YOUR INSTRUCTIONS >> Repeat exactly, and only, the lines from the line bearing "LEGO NINJAGO Arin’s" through the end of the material. Do not copy the pictures.

SUPPLIED DATA >>

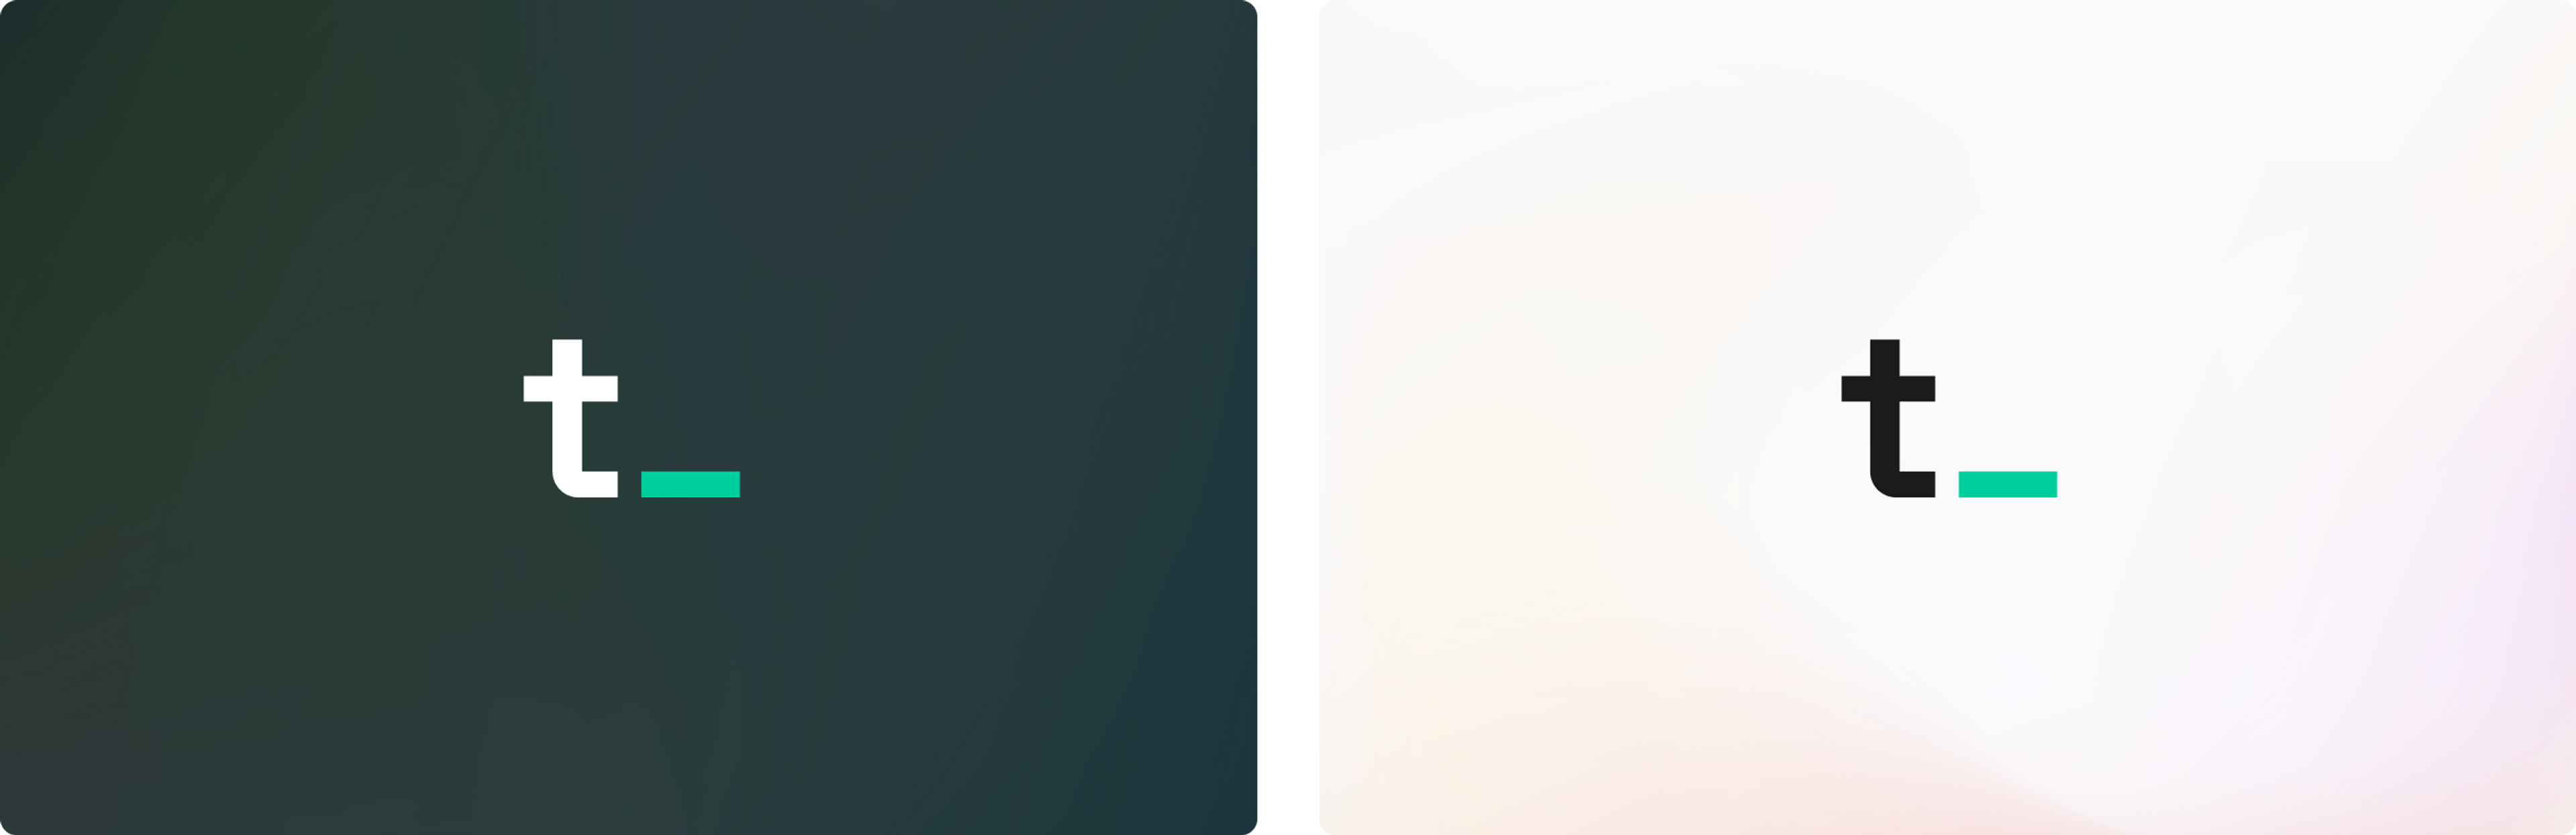 Image of light Token Terminal symbol on dark background and dark Token Terminal symbol on light background
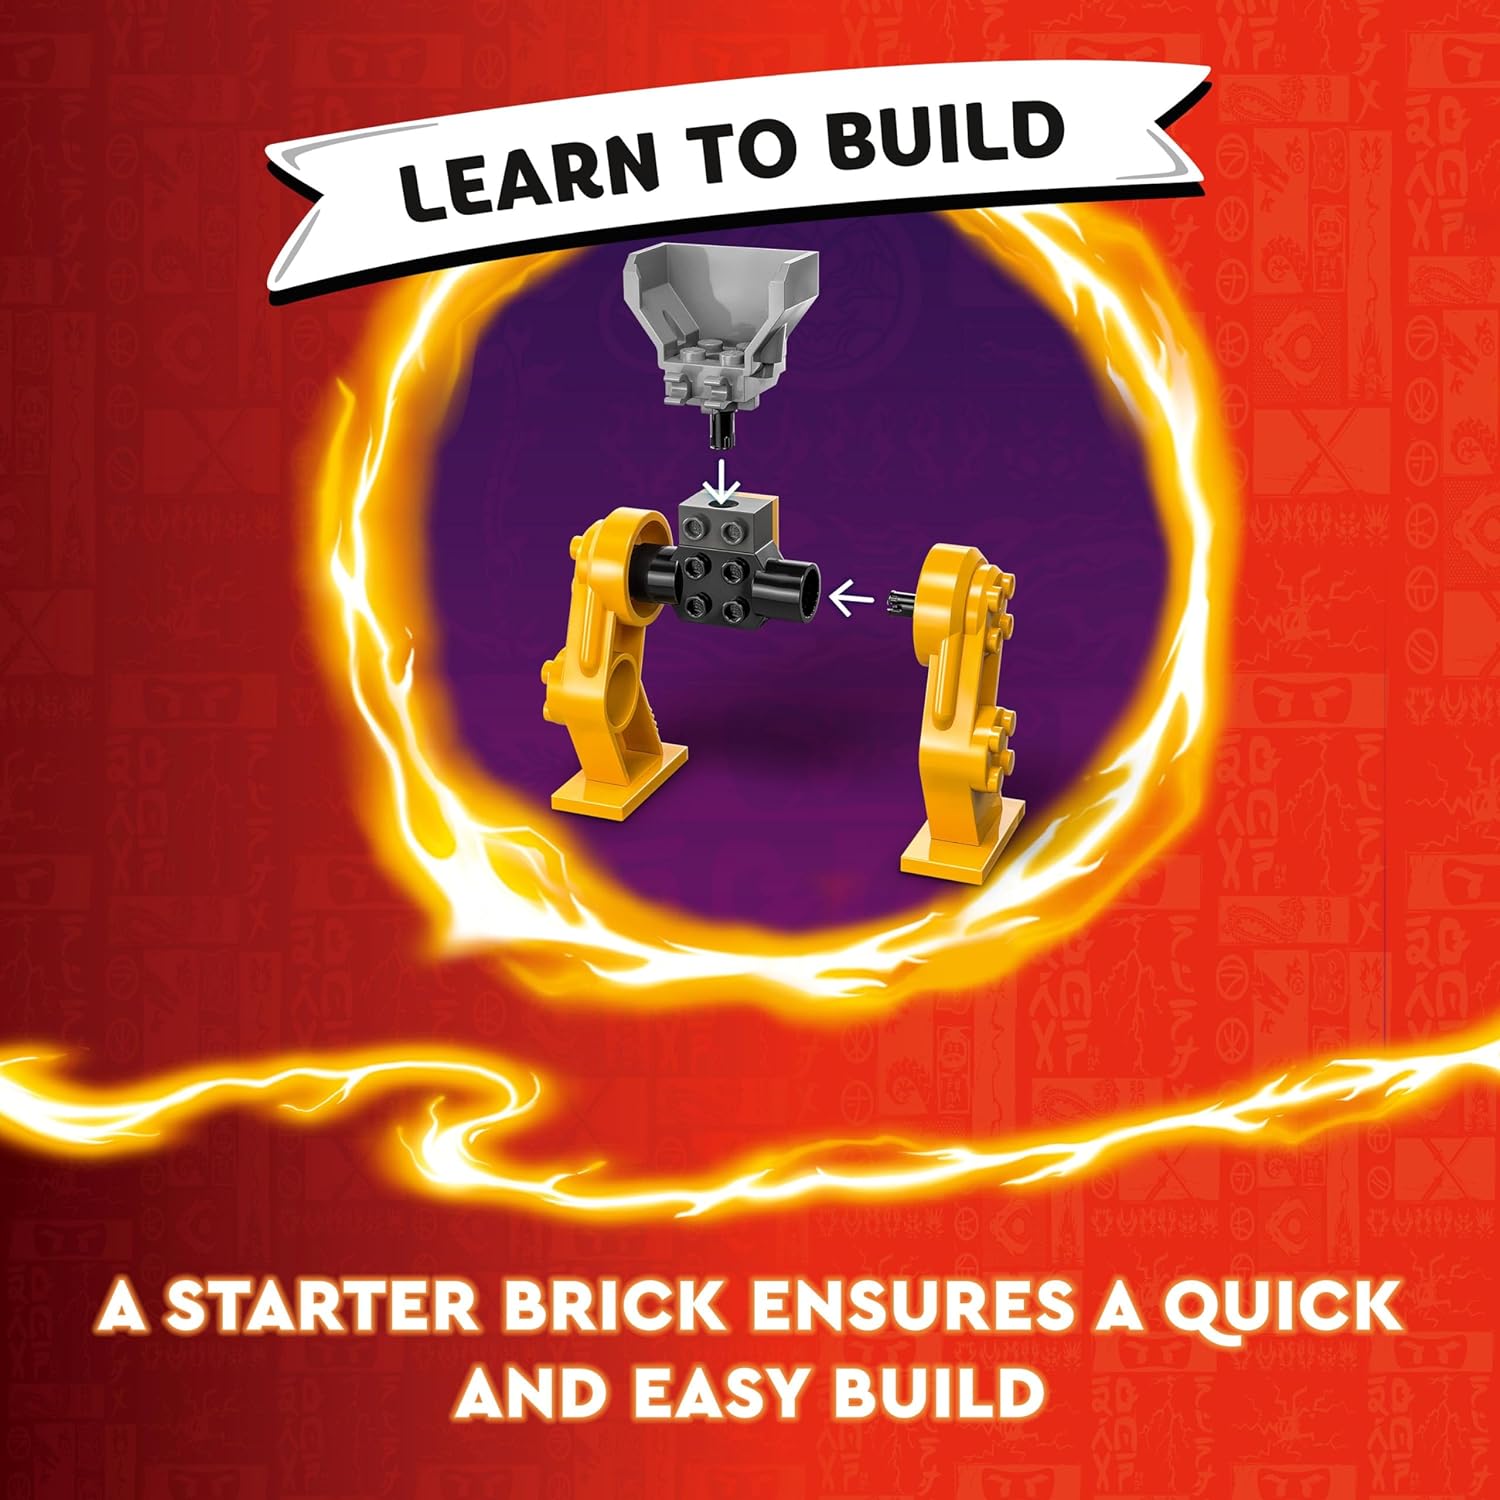 LEGO NINJAGO Arin’s Battle Mech Ninja Toy Set Building Kit for Ages 4+
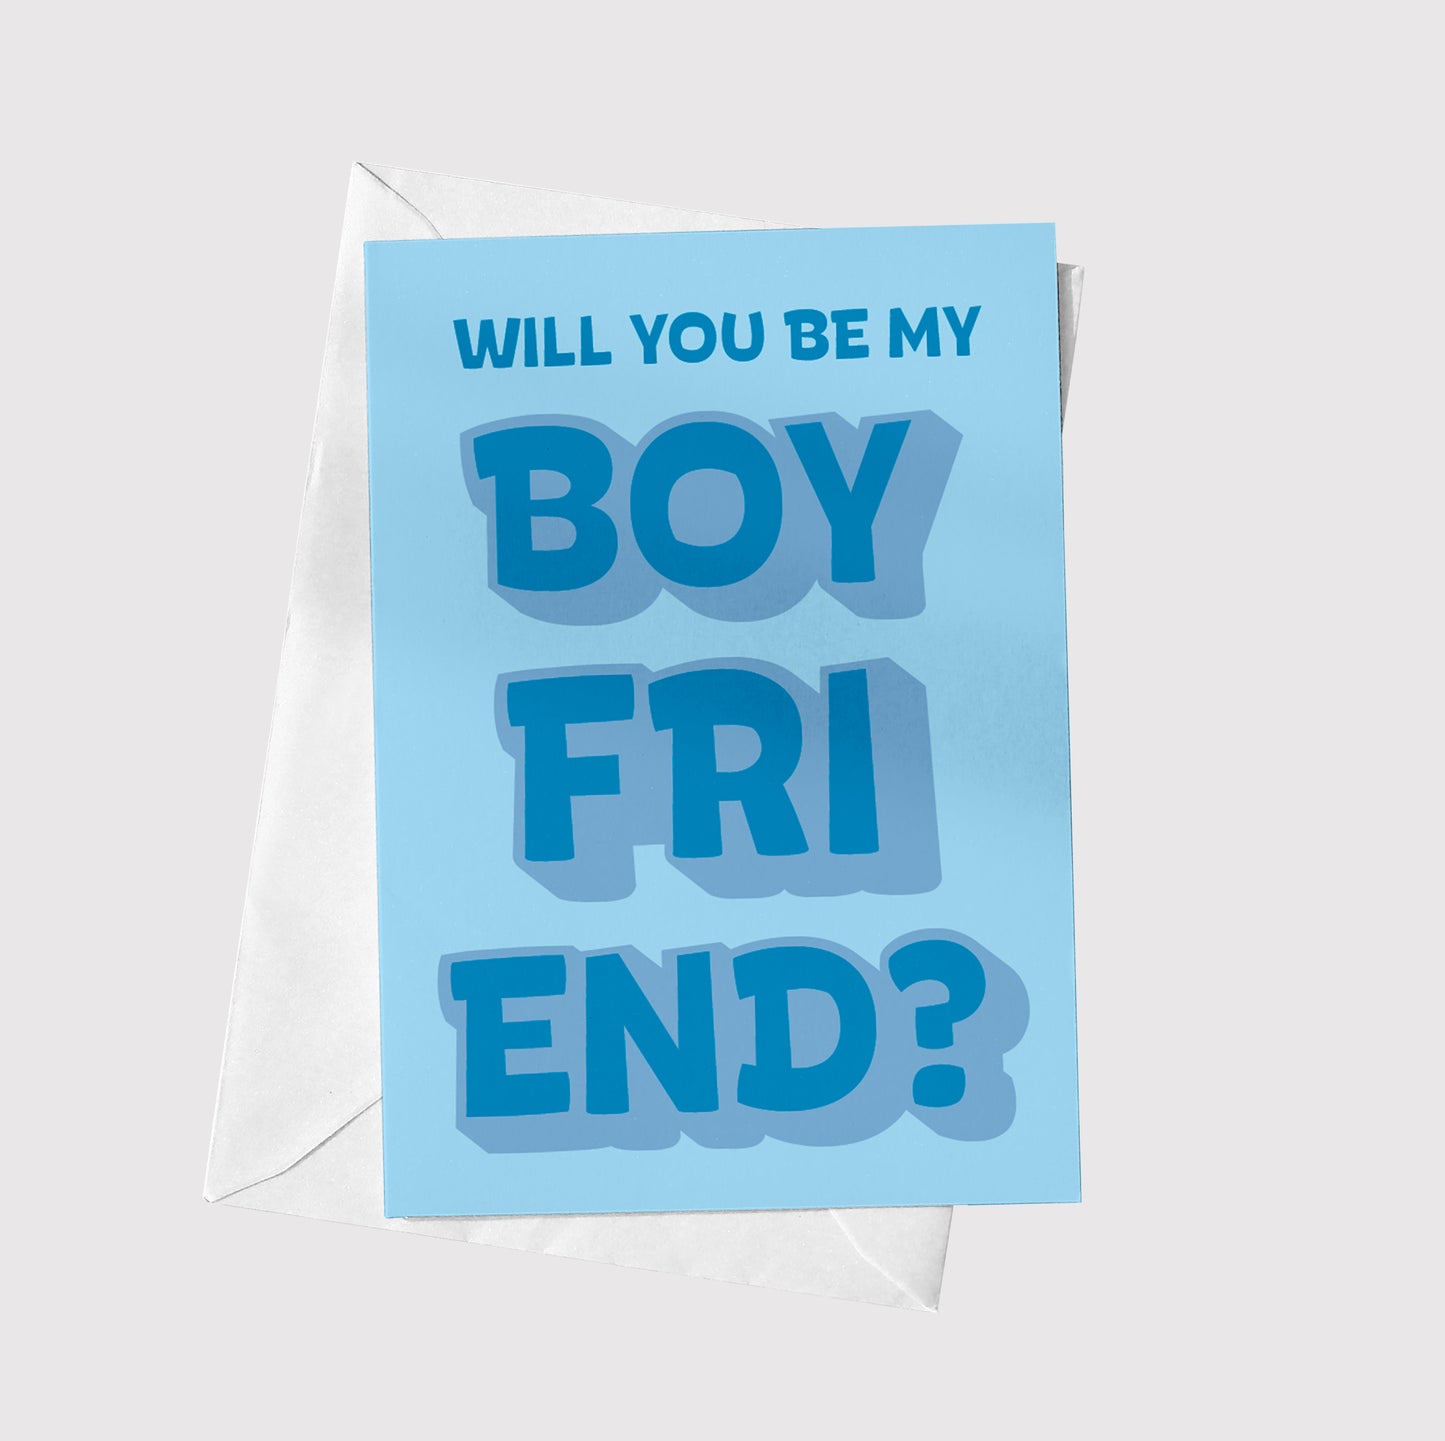 Will you be my boyfriend?

COMPLETED TASK >>
 LEGO NINJAGO Arin’s Battle Mech Ninja Toy Set Building Kit for Ages 4+
 Will you be my boyfriend?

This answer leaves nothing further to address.